What I didn’t know was that upon my exit, I was greeted by hundreds of firefighters in their dress blues, each one holding huge pictures of a first responder whose life was snuffed out on 9/11. I had no idea, and I was not ready to see this sight. They were thanking each and every one of us for running, and it was so overwhelming that my eyes swelled with tears, my throat began to close, and I was having a difficult time breathing. I walked to the water station, a few yards away, and just had to stop for a few minutes until I composed myself.
You see, 9/11 is a day of infamy for the entire world, but even more so for a New Yorker, and the connectedness is even stronger for a Staten Islander. 274 Staten Islanders died that day, many of them firefighters and police officers. I taught at a school on Staten Island’s South Shore since 1997. Many of my students had parents who were firefighters, police officers, and sanitation workers. Blue collar, salt of the earth families, whose lives were forever changed that day. I taught 2 students who lost parents; there were 4 in total in my school. I think of them often, still. Colleagues lost loved ones; brothers, uncles, cousins. My ex-boyfriend lost his brother. A fellow student from my freshman year of high school perished. A current friend of mine lost her husband, leaving her with an infant to raise alone.
Everyone knew someone.
Seeing those pictures, the lives taken, murdered, was a feeling I find hard to put into words. It literally took my breath away. No matter how much time has passed, it will always feel like yesterday. I remember every second every moment of September 11, 2001 clear as day.

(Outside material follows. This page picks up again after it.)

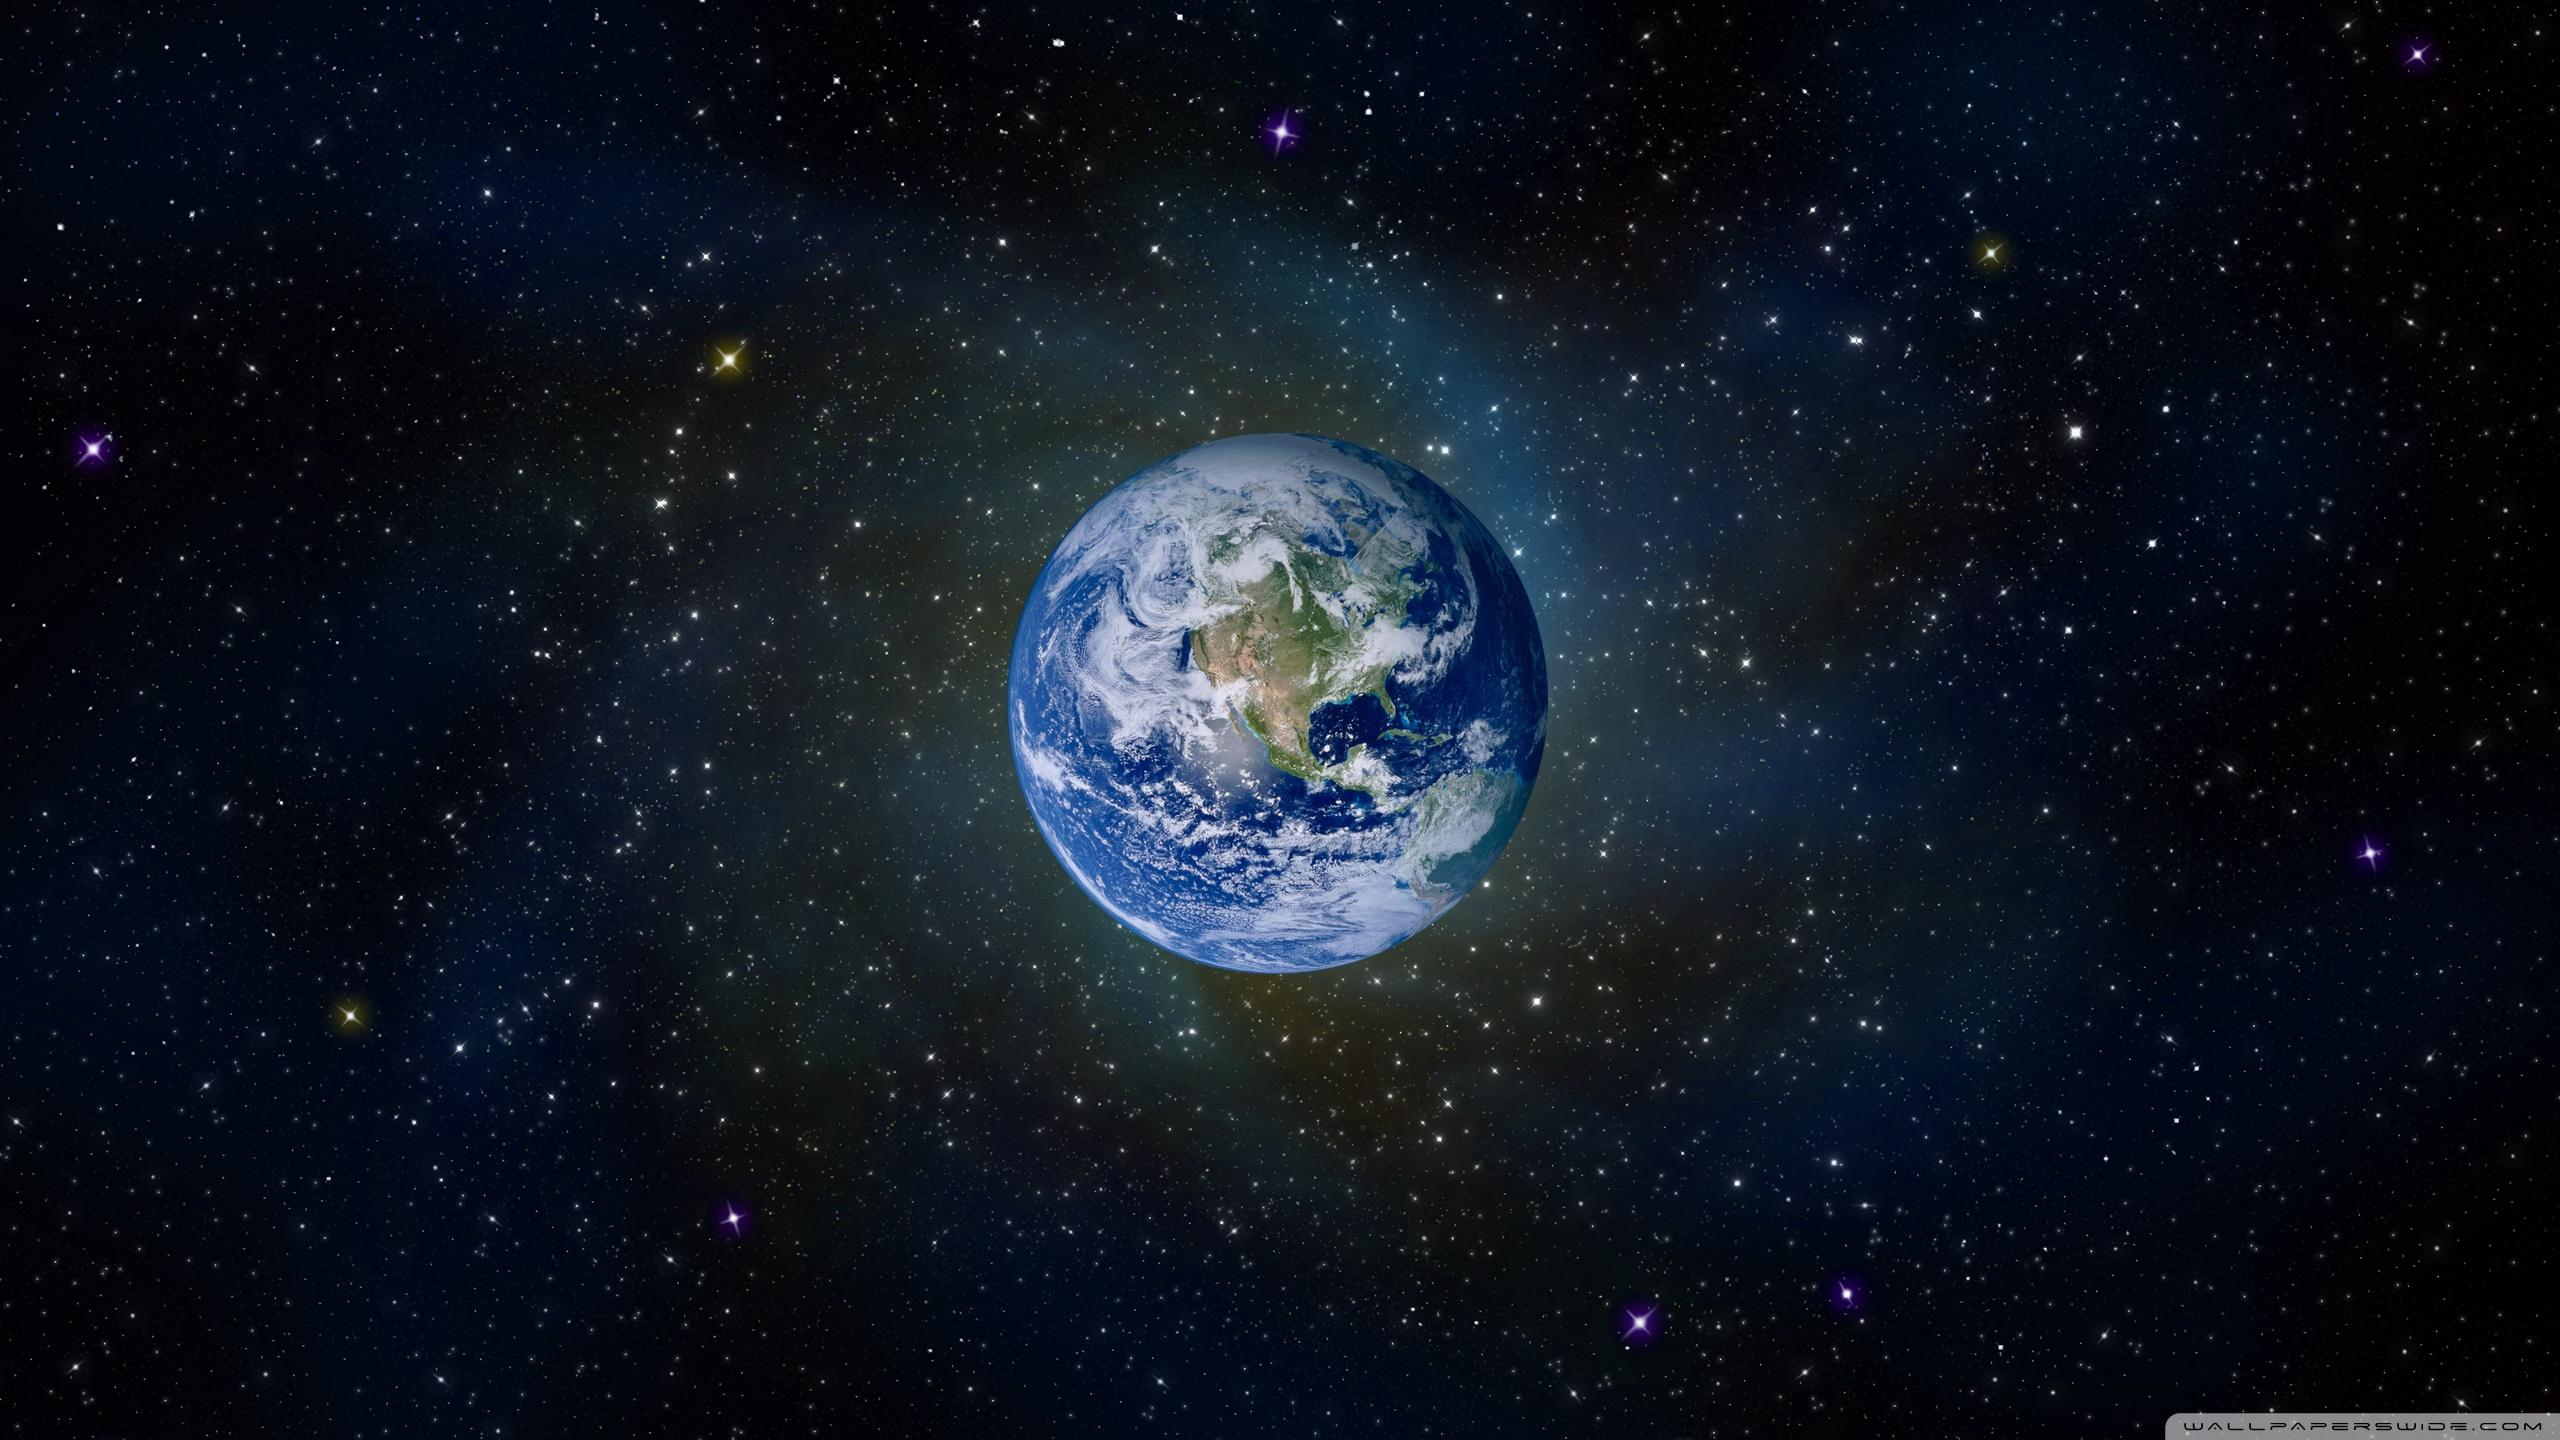 Space Universe Eclipse Hd Wallpapers Desktop: 바탕화면/아이콘 자료실

So, for all of the worries I had, I wish I had known about what was to greet me at the exit of the tunnel, if only to be a bit more mentally prepared.

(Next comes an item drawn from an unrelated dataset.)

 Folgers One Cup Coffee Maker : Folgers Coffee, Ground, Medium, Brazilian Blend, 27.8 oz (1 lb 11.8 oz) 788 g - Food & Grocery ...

After pulling my shit together, I continued to run. The streets were lined with hundreds of spectators, from firefighters to students to people holding signs. I realized I still had about a mile and a half to go. I ran up West Street, cutting over to the Battery Park Esplanade. I was slowing down, but there were cheerleaders cheering and bands playing, and they actually spurred me on. As I neared the finish line, I saw Tish yelling at me to finish, and that’s what I did. I crossed that finish line and I was incredibly proud of myself.

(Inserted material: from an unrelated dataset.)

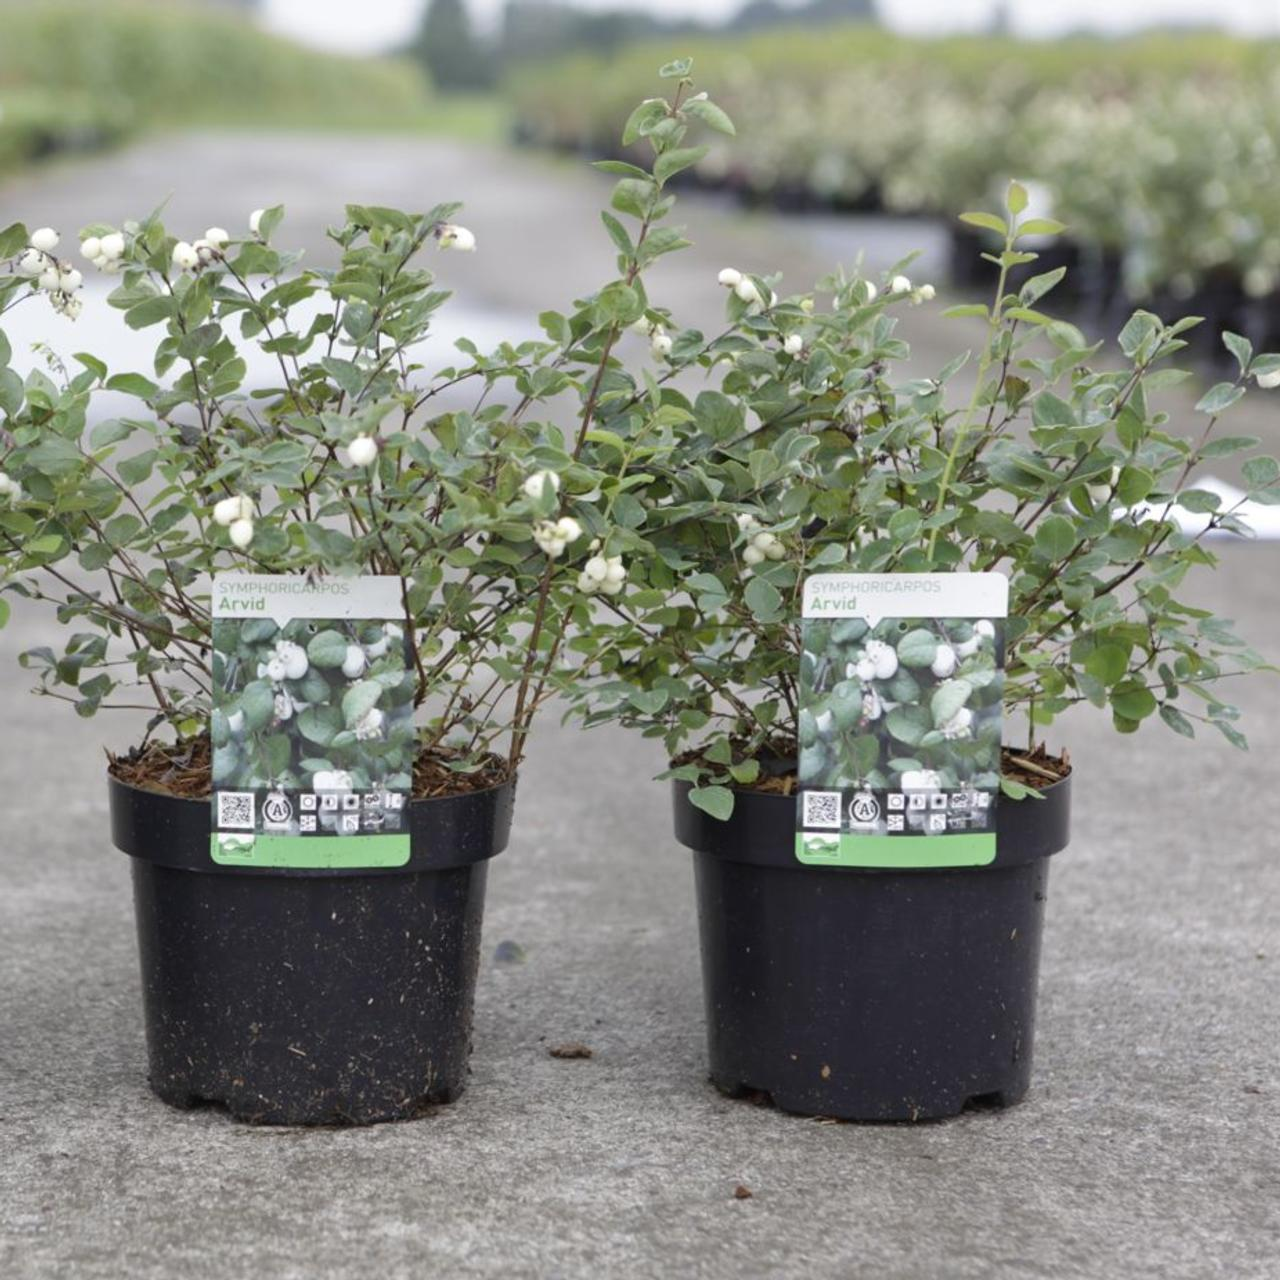 Symphoricarpos 'Arvid' plant

I learned a lot from this first race. I appreciated the bib with the chip, because I was able to be ahead of 90% of other people, making it easier to finish first and exit first. Turns out, I did care about my time. I finished the race in 46 minutes, so I ran a 13:14 mile, even with my stopping for water and to regain my ability to breathe. I know what greets me upon exiting the tunnel, and making me better prepared for the next time.
And I know I can finish, because I am a runner.
And that was the beginning of the seismic shift from worrying about the number on a scale to measuring my worth through accomplishments of the more athletic variety. It began with the little rumble of a 5k, but there was more over the horizon, and into my future.
What a difference the next year would make.